By Siddharth Cavale and Lisa Baertlein

NEW YORK – Retailers are ramping up imports to the United States this summer, anticipating potential strikes by port workers and continuing shipping disruptions caused by recent incidents in the Red Sea, all while preparing for a condensed holiday shopping season.

In July, container imports and freight rates soared, indicating an earlier-than-usual peak season for an ocean shipping industry that manages around 80% of global trade. Analysts anticipate that July will be a peak month for U.S. retailers, who comprise nearly half of that trade, with August expected to be similarly strong.

To attract early shoppers, companies dealing in toys, home goods, and consumer electronics have advanced their holiday promotions. "Retailers don’t want to be caught off guard," noted Jonathan Gold, vice president for supply chain and customs policy at the National Retail Federation (NRF).

Many importers have expedited their holiday orders, with some even shipping Christmas items as early as May, according to Peter Sand, chief analyst at a pricing platform. This surge in imports is primarily a precaution against a potential port strike and the late date of Thanksgiving, which this year falls on November 28, impacting peak shopping and delivery times leading up to Christmas.

July marked the third-highest monthly volume for U.S. container imports, with 2.6 million 20-foot equivalent units (TEUs) recorded, representing a 16.8% increase from the previous year, driven partly by record imports from China, as reported by a supply chain software provider.

The NRF, which includes leaders from major retail corporations, expects continued strong imports in August. Walmart, the largest importer of containers in the U.S., is set to release its second-quarter earnings on August 15.

Concerns loom over a possible strike on October 1 at multiple U.S. seaports, following stalled negotiations between the International Longshoremen’s Association and the United States Maritime Alliance.

Maersk recently detailed the potential fallout from any strikes at U.S. ports, warning that even a brief work stoppage could lead to significant delays and backlogs lasting several weeks.

Since late April, non-contract spot rates for shipping containers from the Far East to the U.S. West Coast surged by 144%, though they have since decreased by 17%. Similar trends have been noted on routes to the U.S. East Coast and other international destinations.

"We should expect further declines in the spot market, though the decrease may not be as sharp as the previous increase, leading to a difficult end of the year for shippers," Sand explained.

TARIFF THREAT

The growth in U.S. container imports during the first half of 2024 has been significantly influenced by looming tariffs on exports from China and other nations. The Biden administration has implemented new tariffs on various goods, which are set to take effect later this year.

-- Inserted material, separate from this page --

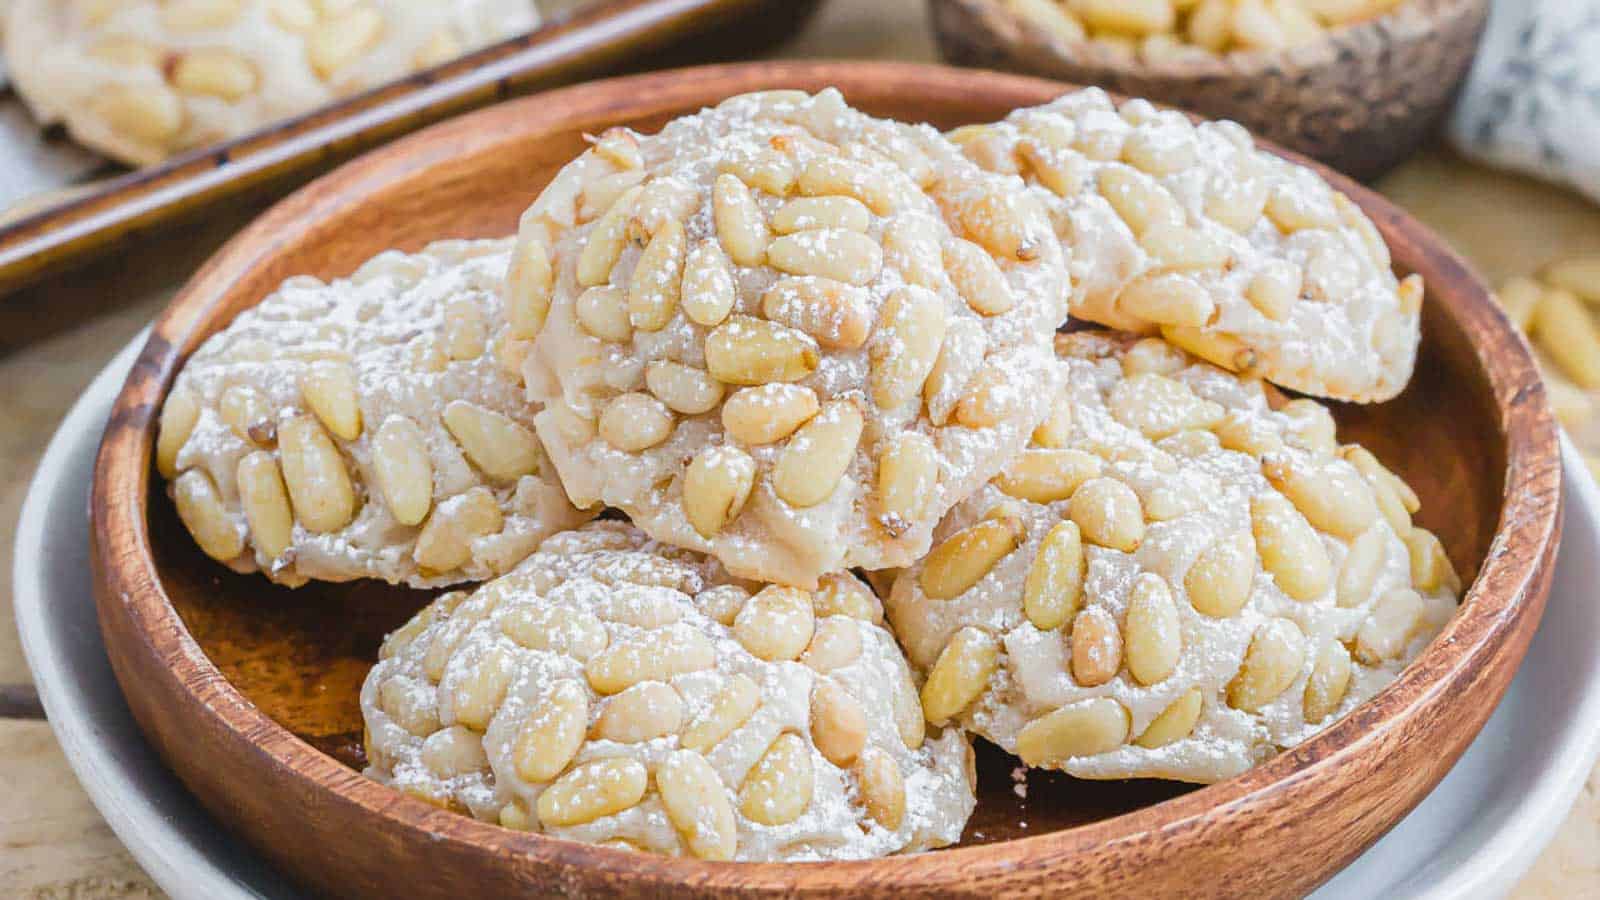 Almond cookies with powdered sugar in a wooden bowl.

"Significant tariff impacts will be seen in sectors like electric vehicle batteries and solar cells," said Jason Miller, a professor of supply chain management.

Biden has upheld tariffs established by the Trump administration, which pose a threat of even larger tariffs if Trump, the Republican nominee for the 2024 election, regains the presidency. So far, Miller noted, the response from companies has been relatively muted.

Maersk indicated that uncertainty surrounding tariffs may drive companies to accelerate demand ahead of the upcoming U.S. elections.

"There is a consensus that the U.S. and China are in a more competitive dynamic now, and this situation is unlikely to change regardless of which political party wins the presidency," stated Maersk CEO Vincent Clerc this week.